Changes as a result of this DPS

The study team initially looked at a broad range of tactical and strategic plans (up to and including the construction of additional reservoirs). Almost all but the tactical alternatives were eliminated early in the study process as improbable because of the amount of time necessary to develop solutions and because of environmental concerns.  After the shared vision model was developed, the remaining alternatives were screened to see how well they addressed the planning objectives. Planners found that modifications to Claytor Lake, Bluestone and Sutton did not significantly address the planning objectives. In a workshop in the spring of 1993, Circle B team members compared five alternatives for Summersville Lake to the status quo plan.

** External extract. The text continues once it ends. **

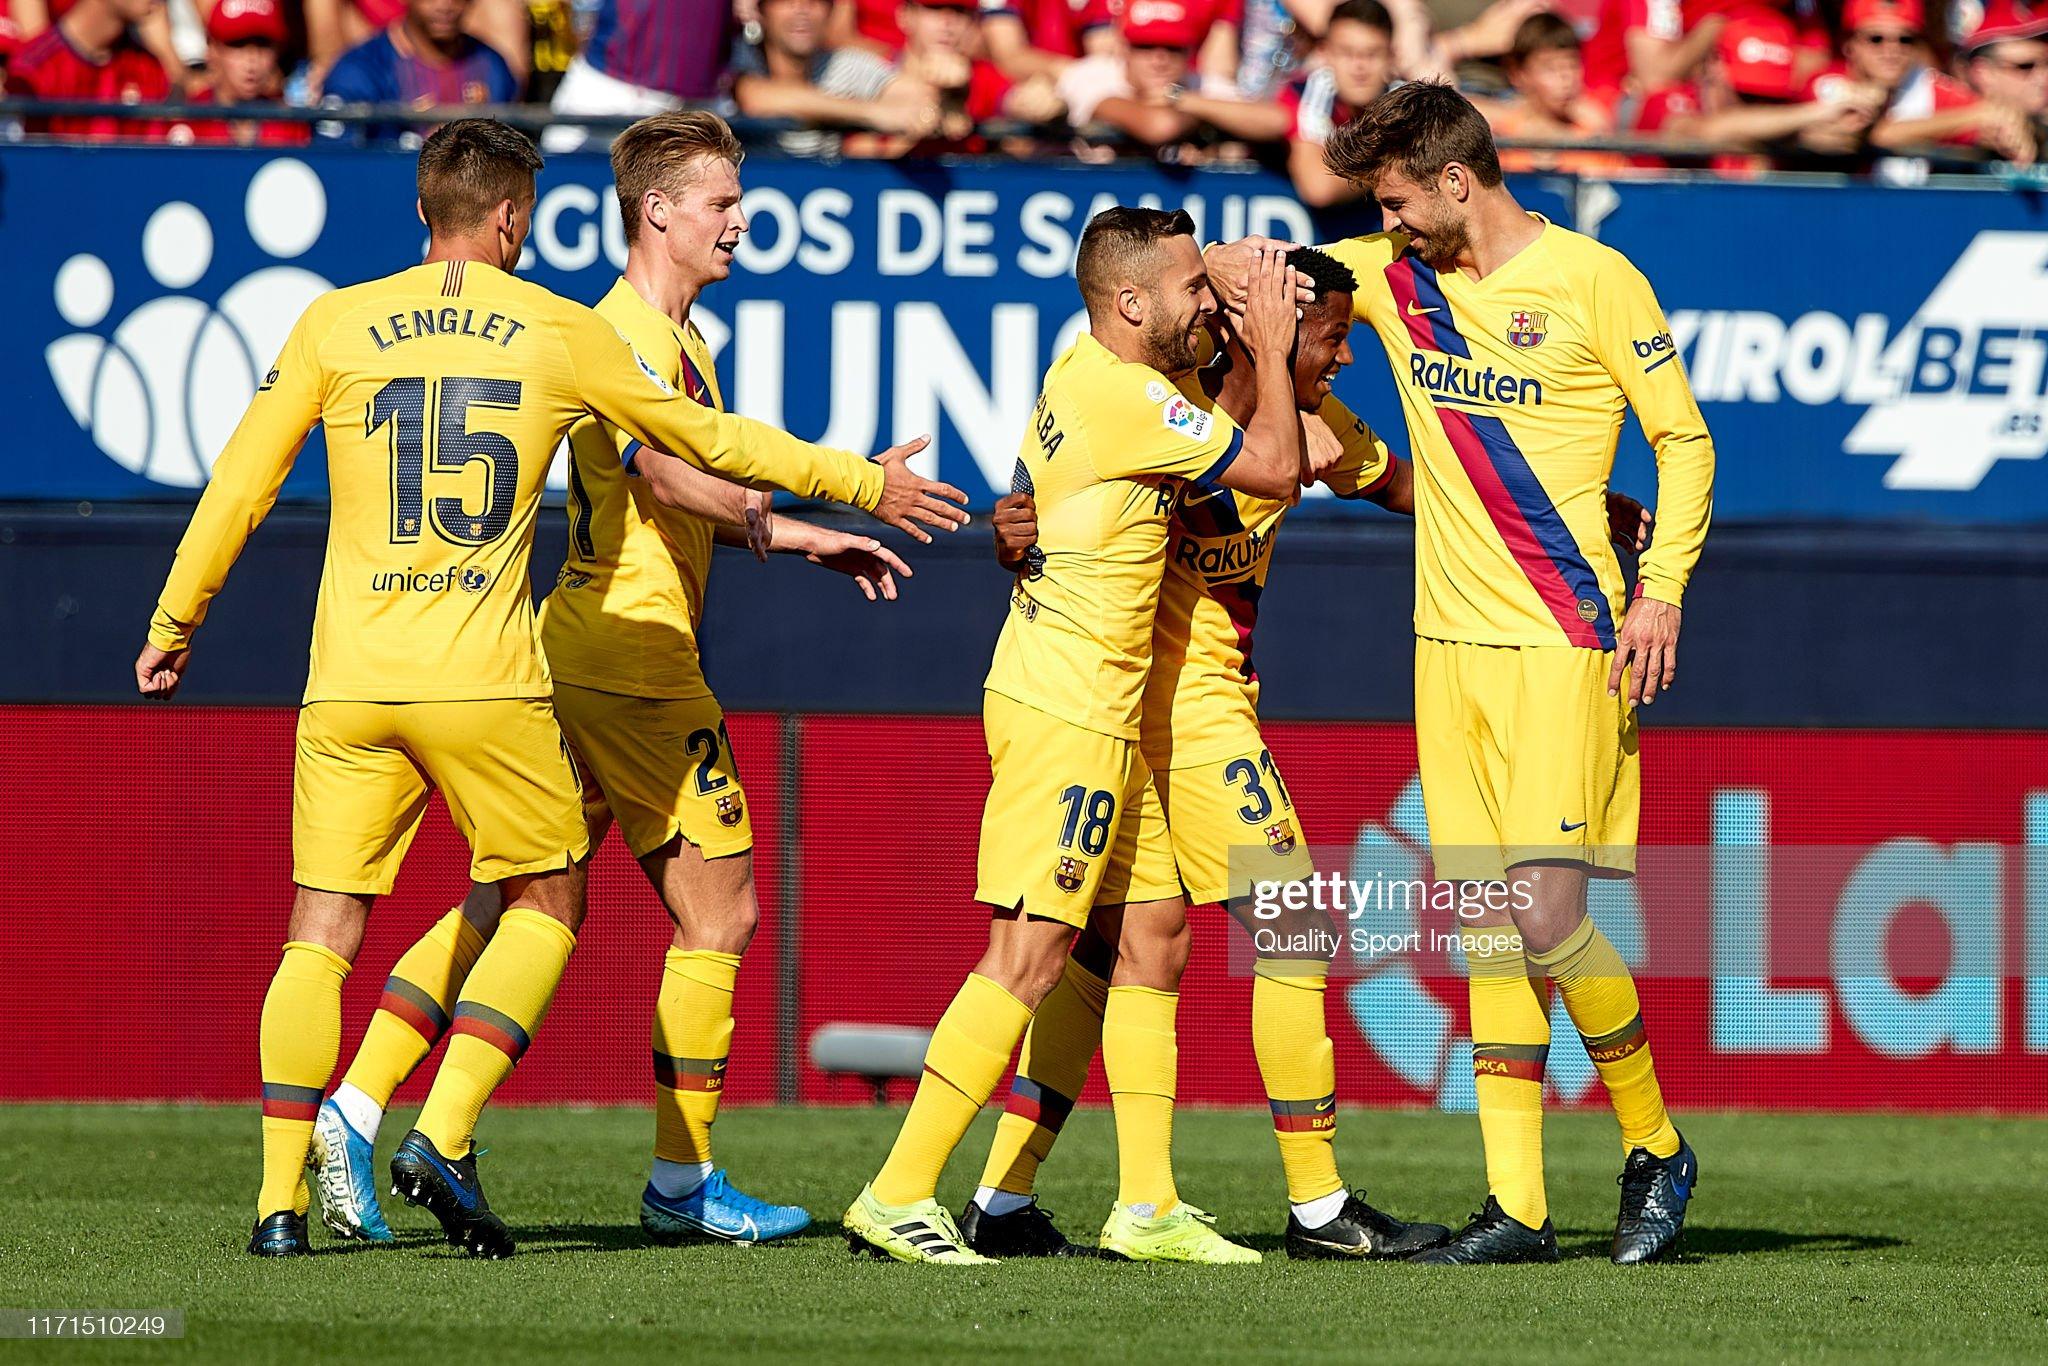 صور مباراة : أوساسونا - برشلونة 2-2 ( 31-08-2019 )  Players-of-fc-barcelona-celebrating-their-teams-first-goal-during-the-picture-id1171510249?s=2048x2048

Plan 1 was to modify the dam at Summersville to allow the summer pool level to be 17 feet higher. Plan 2 called for relaxation of water quality target flows. (A USGS survey showed that BOD loadings had been dramatically reduced since the standards were set.) Plan 3 was to ignore the rules that limited releases from Summersville in the fall (lower limiting rule curve) in order to maintain a preset minimum level of storage. Plan 4 delayed the starting date for water quality releases from June 15 to July 15 unless water samples showed a need for the releases. Plan 5 was to vary the maximum water quality release from Summersville by starting at 500 cfs (instead of 1000 cfs) and increasing through August (the month in 1988 when releases were cut to 400 cfs because of the lower limiting rule curve).

Workshop participants watched as the shared vision model was run to demonstrate the impacts of each alternative during a one- and two- year drought. Measures of performance for each objective were compared. After three hours of model runs, Dr. Richard Punnett, head of the water control section of the Huntington District Corps of Engineers, led a workshop exercise designed to facilitate the transition from individual plan evaluations to the endorsement and implementation of a plan.   

The analysis showed that Plans 4 and 5 helped water quality, rafting and lake recreation, while not affecting hydropower or navigation. Plan 2 helped rafters but hurt lake recreation; Plan 3 did just the opposite. Because plans 4 and 5 were not mutually exclusive, the workshop participants agreed that a plan that combined the advantages of both should be used during the next drought.

 In August 1993, the Huntington District used the shared vision model and the close collaborative ties it had developed with stakeholders to react to a potential drought. The DPS team agreed to an alternative release strategy consistent with the general form of alternatives 4 and 5. The drought watch was lifted after heavier than normal rainfall. Participants agreed that had the drought continued, these operational changes would have preserved fall water quality and avoided several million dollars loss in West Virginia tourist revenue derived from whitewater rafting.